EXERCISE PROMPT
When you write out the listing below, keep each word exactly as it stands and drop the pictures.

SUPPLIED MATERIAL

================

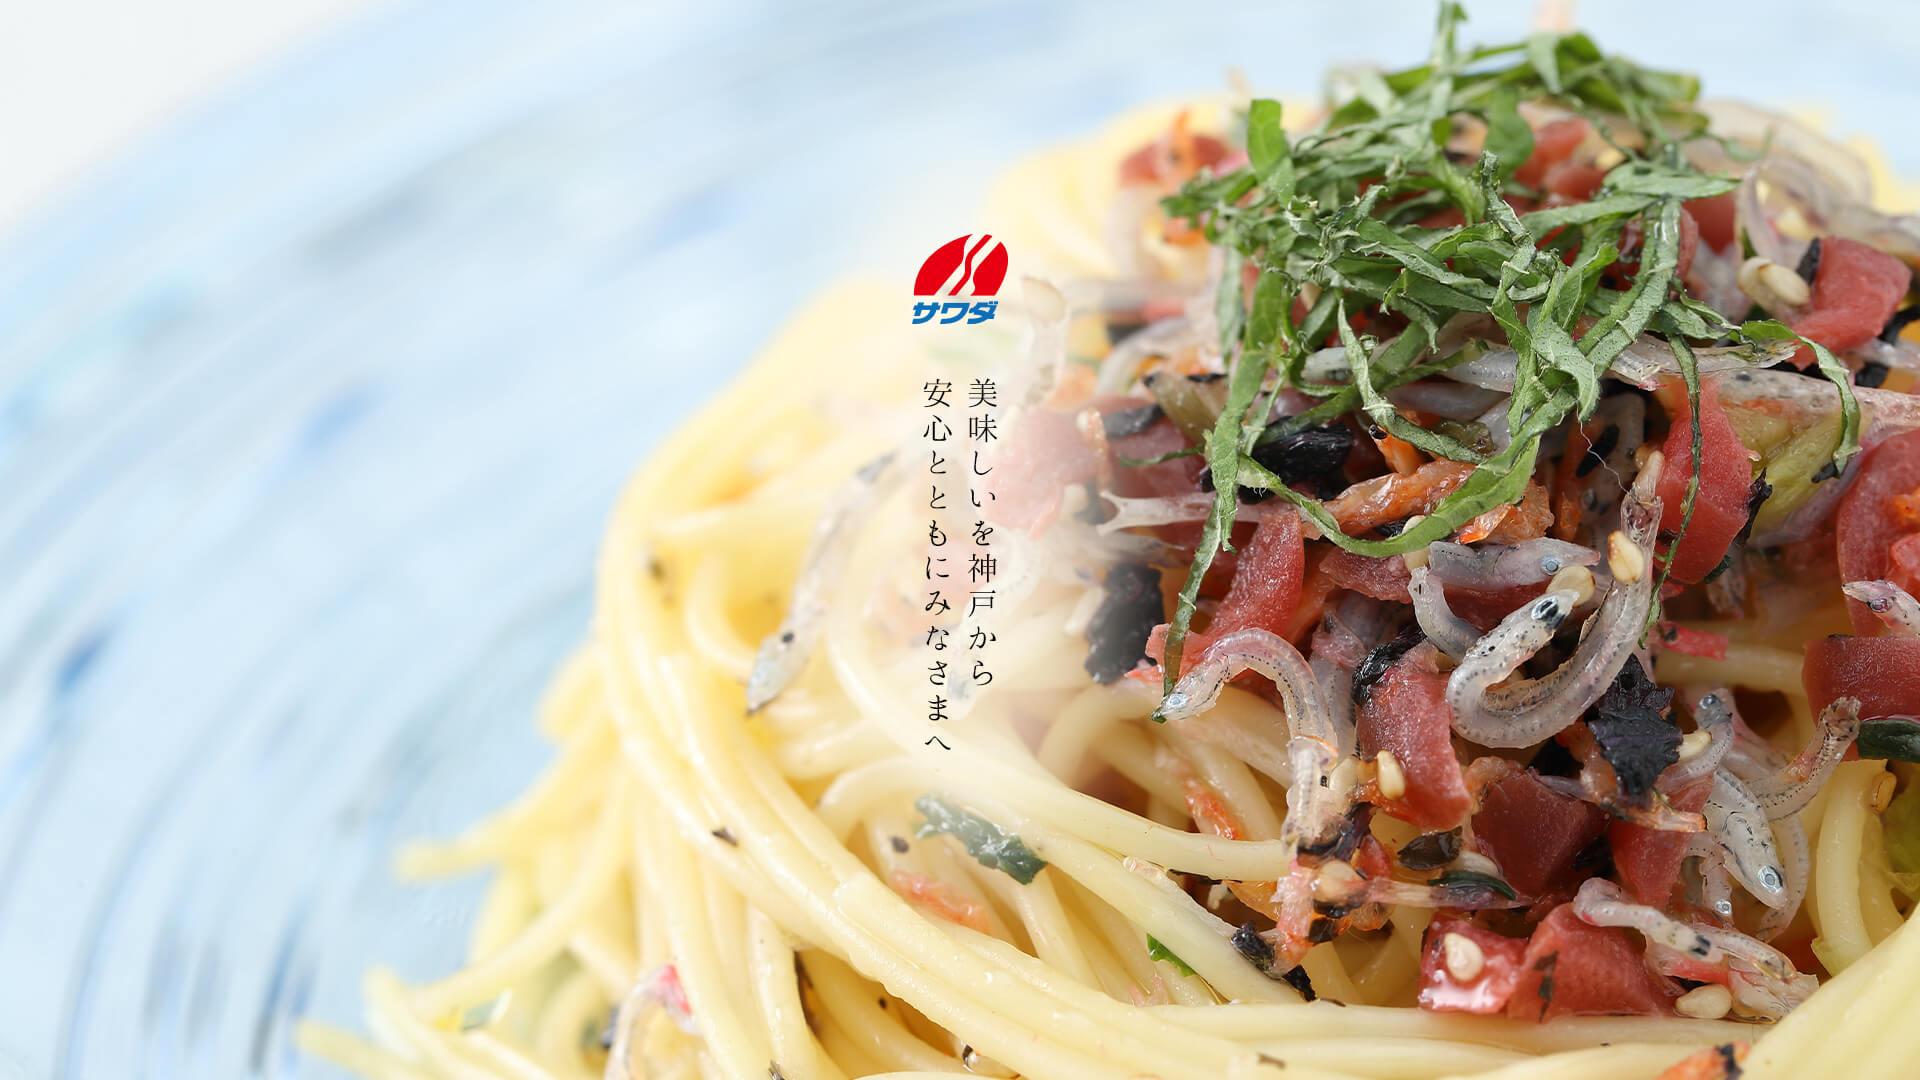 美味しいを神戸から 安心とともにみなさまへ
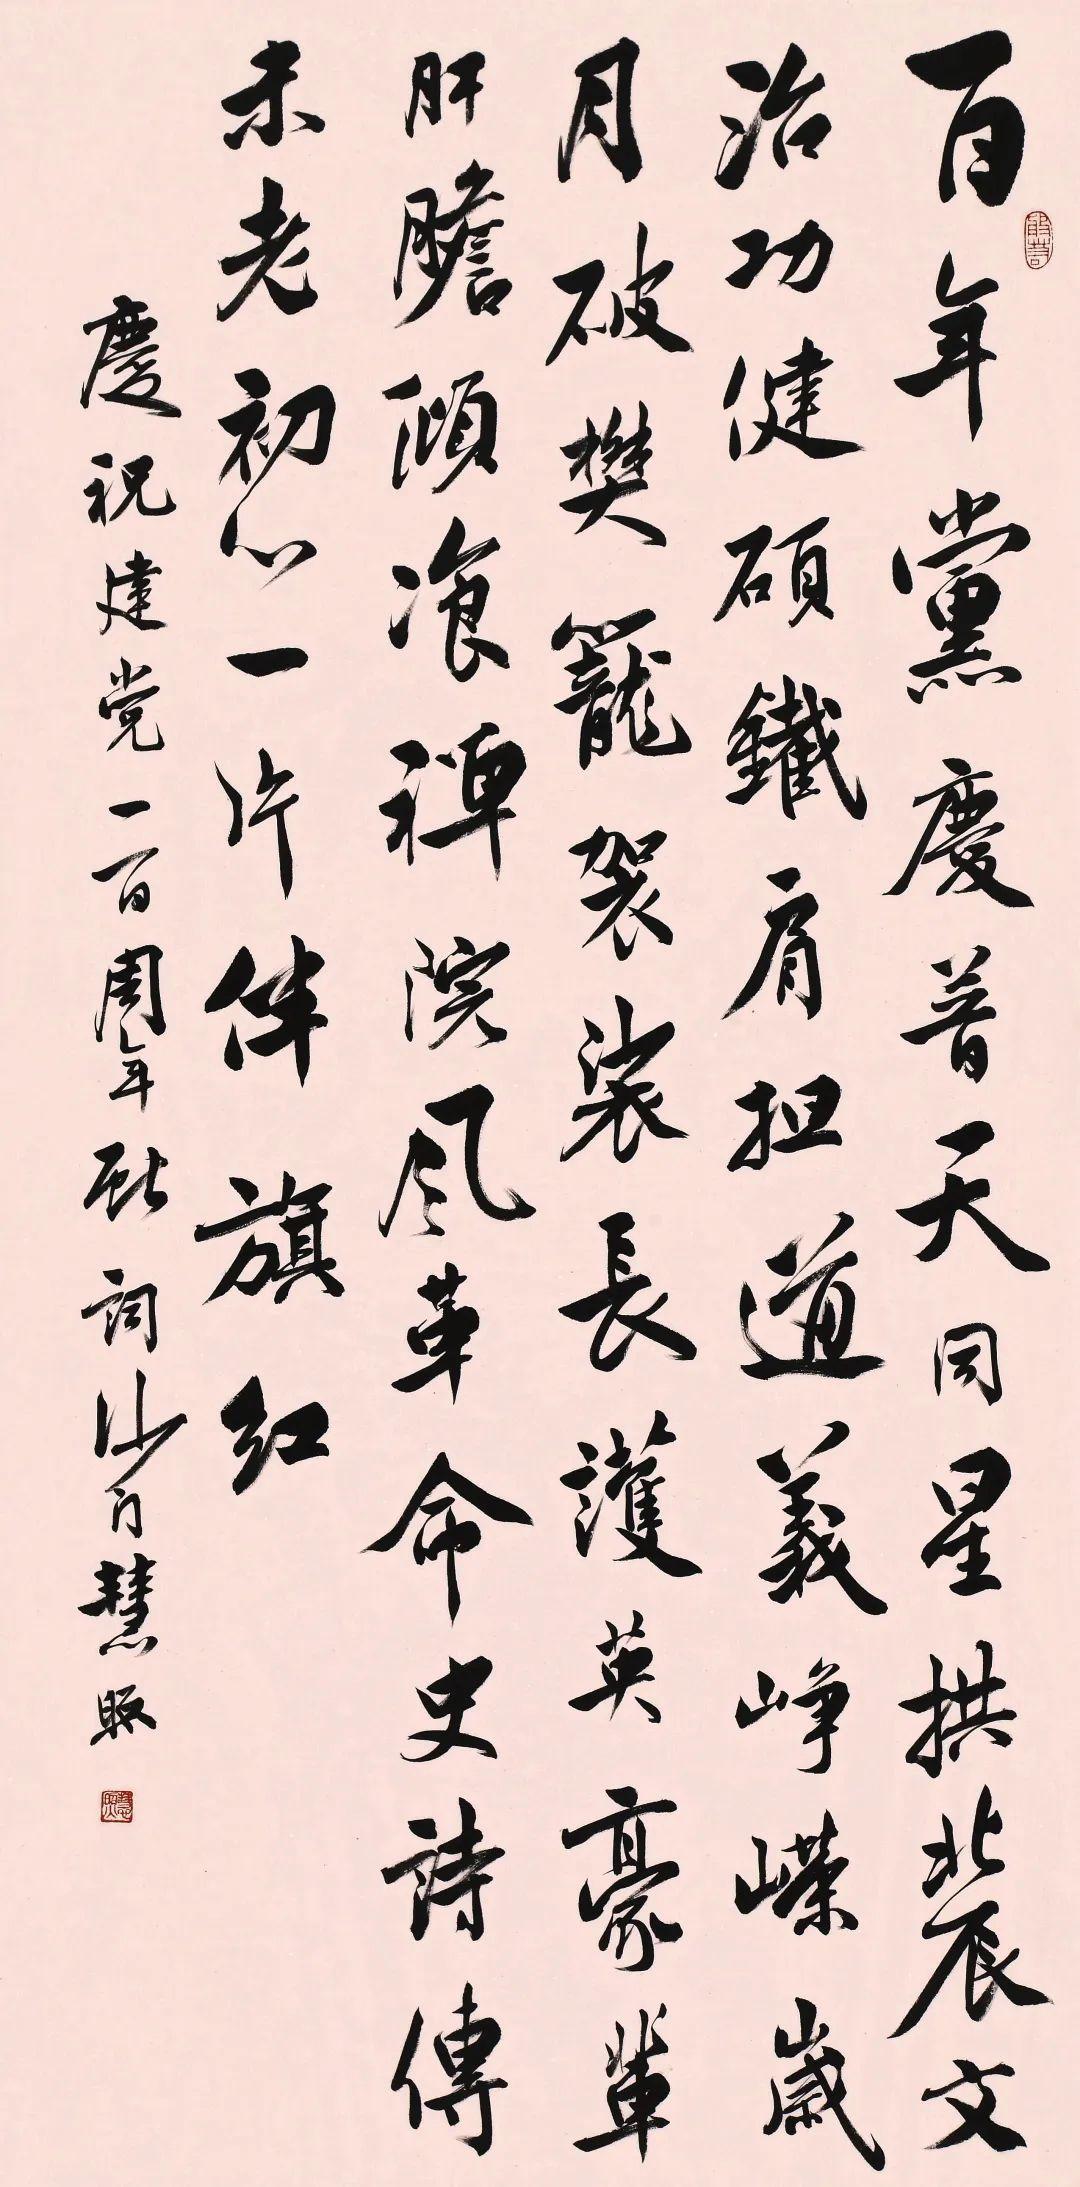 宁德市佛教协会副会长、福安市佛教协会会长、福安市天马山天堂寺方丈慧照大和尚
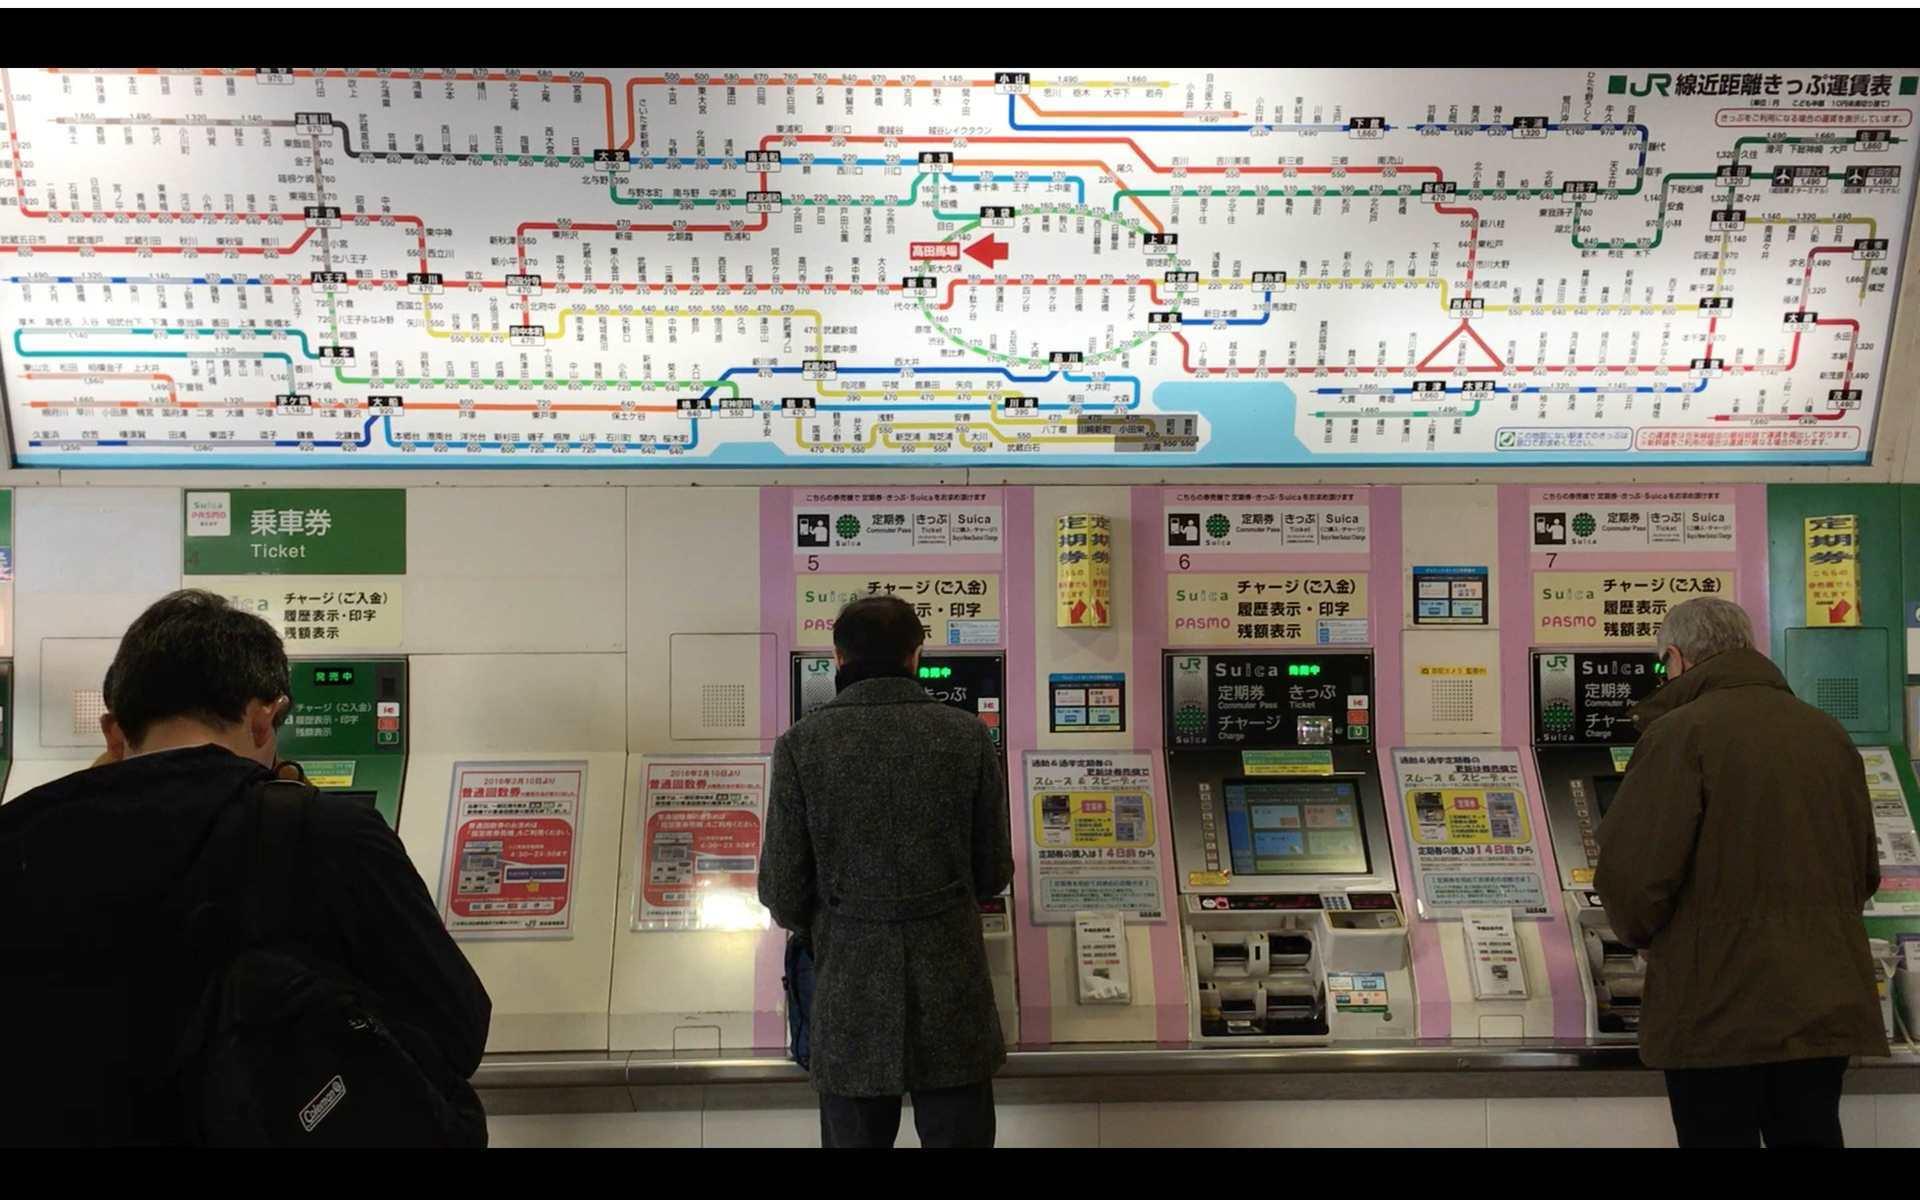 还有这种操作?用名车名表炫富不算啥,看看人家连火车都是私人的……

================

TASK OUTPUT
 美味しいを神戸から 安心とともにみなさまへ
 宁德市佛教协会副会长、福安市佛教协会会长、福安市天马山天堂寺方丈慧照大和尚
 还有这种操作?用名车名表炫富不算啥,看看人家连火车都是私人的……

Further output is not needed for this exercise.